---- Ellen Dissanayake
I miss making art. I miss making Art with a capital "A". I haven't had much time lately to make anything, let alone examples for my students. I definitely haven't had time to make art that is important to me and allows me to be creative and feel the rush that comes from creating. I miss it.
I usually have a work of art that I can spend a little time on each evening, but each evening has been running errands, doing school work (grading, reading articles, etc.), or coaching. It's not as if my life is all work and no play, but the play right now is few and far between and doesn't involve art. I really don't think that's very good for me. There's something I feel I tap in to when I hit a groove while I'm working on something. There's a buzz. Its as if its not just me working on it, but I have tapped into some creative frequency and all I have to do use allow it to take me over. I picture it as some wavelength floating by in the air, once I in the right frame of mind to see it, all I need to do is reach out and touch it.... the next thing I know, hours have gone by and I have made a ton of progress on a work. I often have to step back and see what I've done because I wasn't even thinking much... I was just making. I miss this.
I can tell I miss art because I've been crabby and more irritable. I feel like I'm not able to get "stuff" out of my creative system. I'm not as calm or happy. I feel as if something is passing by that's important and I can't see it. It feels like there's some beautiful astrological event happening that I know about, but I don't have time to go see it. Below is an artwork I made a little while ago about such an astrological event.
I read a book while taking classes for my Master's called Homo Aestheticus. In this book, Dissanayake lays out an argument that art comes from a biological and evolutionary need. We developed an ability to create art because it helped us evolve and is an ingrained biological need. Her argument is that almost anything can be art, but we all feel the need to make things special through alteration or arrangement. An example would be how people long ago may have decorated their water-carrying bowl because it took them a long time to make and it was important to them. Decorating it made it more important and something to take care of. But people arrange furniture, decorate their phone cases, rearrange their clothes by color, etc. and it could be considered art.
I think some people have more of a biological need for art than others. They have a need to create and do. This may lead them down many paths, but it is there. When I was working on redoing my garage this summer and building a work table and shelves, I was very happy. I could have worked on it all day. I wasn't making "art", but I was "making" and was very satisfied. I believe I am a person that has some kind of internal motor driven by creating things or arranging them. I think everyone has that, actually, but I need a little more creating to fuel my internal engine than maybe others do.
I think I could be making a lot of different things and it would satisfy my need, I just happened to choose visual arts a long time ago as my outlet. You'd think, as an art teacher, I would be making stuff all the time.... I really wish that was true. I wish I had time to make examples. I wish I could just be creative in class while the kids work, but, unfortunately, that is not reality. In reality, I have meetings 3-4 days a week during my planning times. In reality, I have to work on literacy standards and collect data to present at meetings about formative assessment. In reality, I spend a lot of my time on "teacher stuff" as directed from the powers that be and that stuff doesn't really involve art or satisfy my need to create.
So right now, I really miss Art. I need to make and create. I need to carve out some time for it soon or I feel I may start cracking at the edges.

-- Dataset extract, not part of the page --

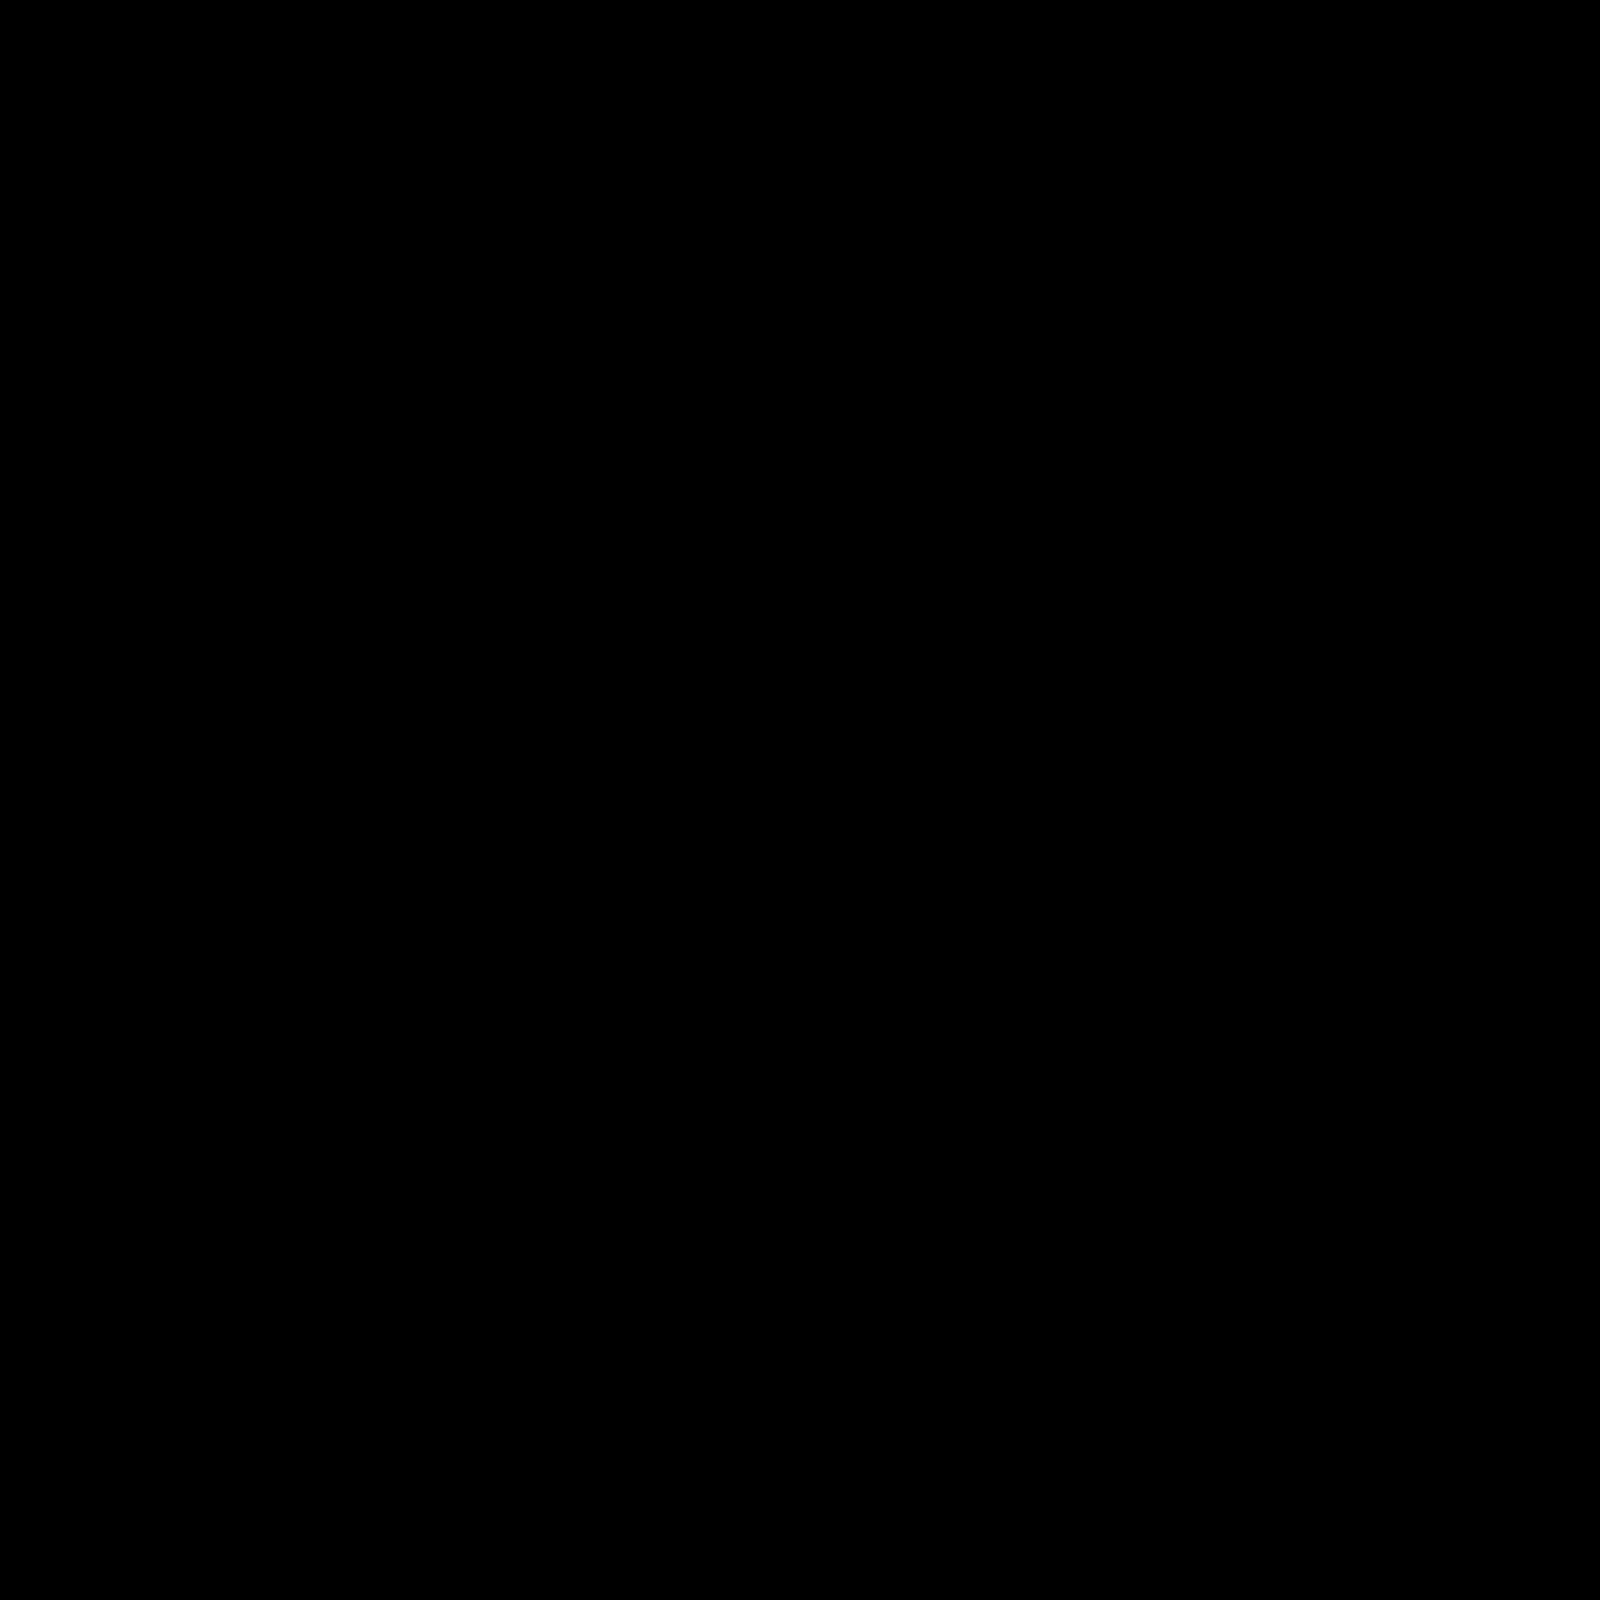 Кубик сахара icon

I read a book while taking classes for my Master's called Homo Aestheticus. In this book, Dissanayake lays out an argument that art comes from a biological and evolutionary need. We developed an ability to create art because it helped us evolve and is an ingrained biological need. Her argument is that almost anything can be art, but we all feel the need to make things special through alteration or arrangement. An example would be how people long ago may have decorated their water-carrying bowl because it took them a long time to make and it was important to them. Decorating it made it more important and something to take care of. But people arrange furniture, decorate their phone cases, rearrange their clothes by color, etc. and it could be considered art.

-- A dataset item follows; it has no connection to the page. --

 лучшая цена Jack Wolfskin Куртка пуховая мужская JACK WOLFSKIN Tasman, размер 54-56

I think some people have more of a biological need for art than others. They have a need to create and do. This may lead them down many paths, but it is there. When I was working on redoing my garage this summer and building a work table and shelves, I was very happy. I could have worked on it all day. I wasn't making "art", but I was "making" and was very satisfied. I believe I am a person that has some kind of internal motor driven by creating things or arranging them. I think everyone has that, actually, but I need a little more creating to fuel my internal engine than maybe others do.
I think I could be making a lot of different things and it would satisfy my need, I just happened to choose visual arts a long time ago as my outlet. You'd think, as an art teacher, I would be making stuff all the time.... I really wish that was true. I wish I had time to make examples. I wish I could just be creative in class while the kids work, but, unfortunately, that is not reality. In reality, I have meetings 3-4 days a week during my planning times. In reality, I have to work on literacy standards and collect data to present at meetings about formative assessment. In reality, I spend a lot of my time on "teacher stuff" as directed from the powers that be and that stuff doesn't really involve art or satisfy my need to create.
So right now, I really miss Art. I need to make and create. I need to carve out some time for it soon or I feel I may start cracking at the edges.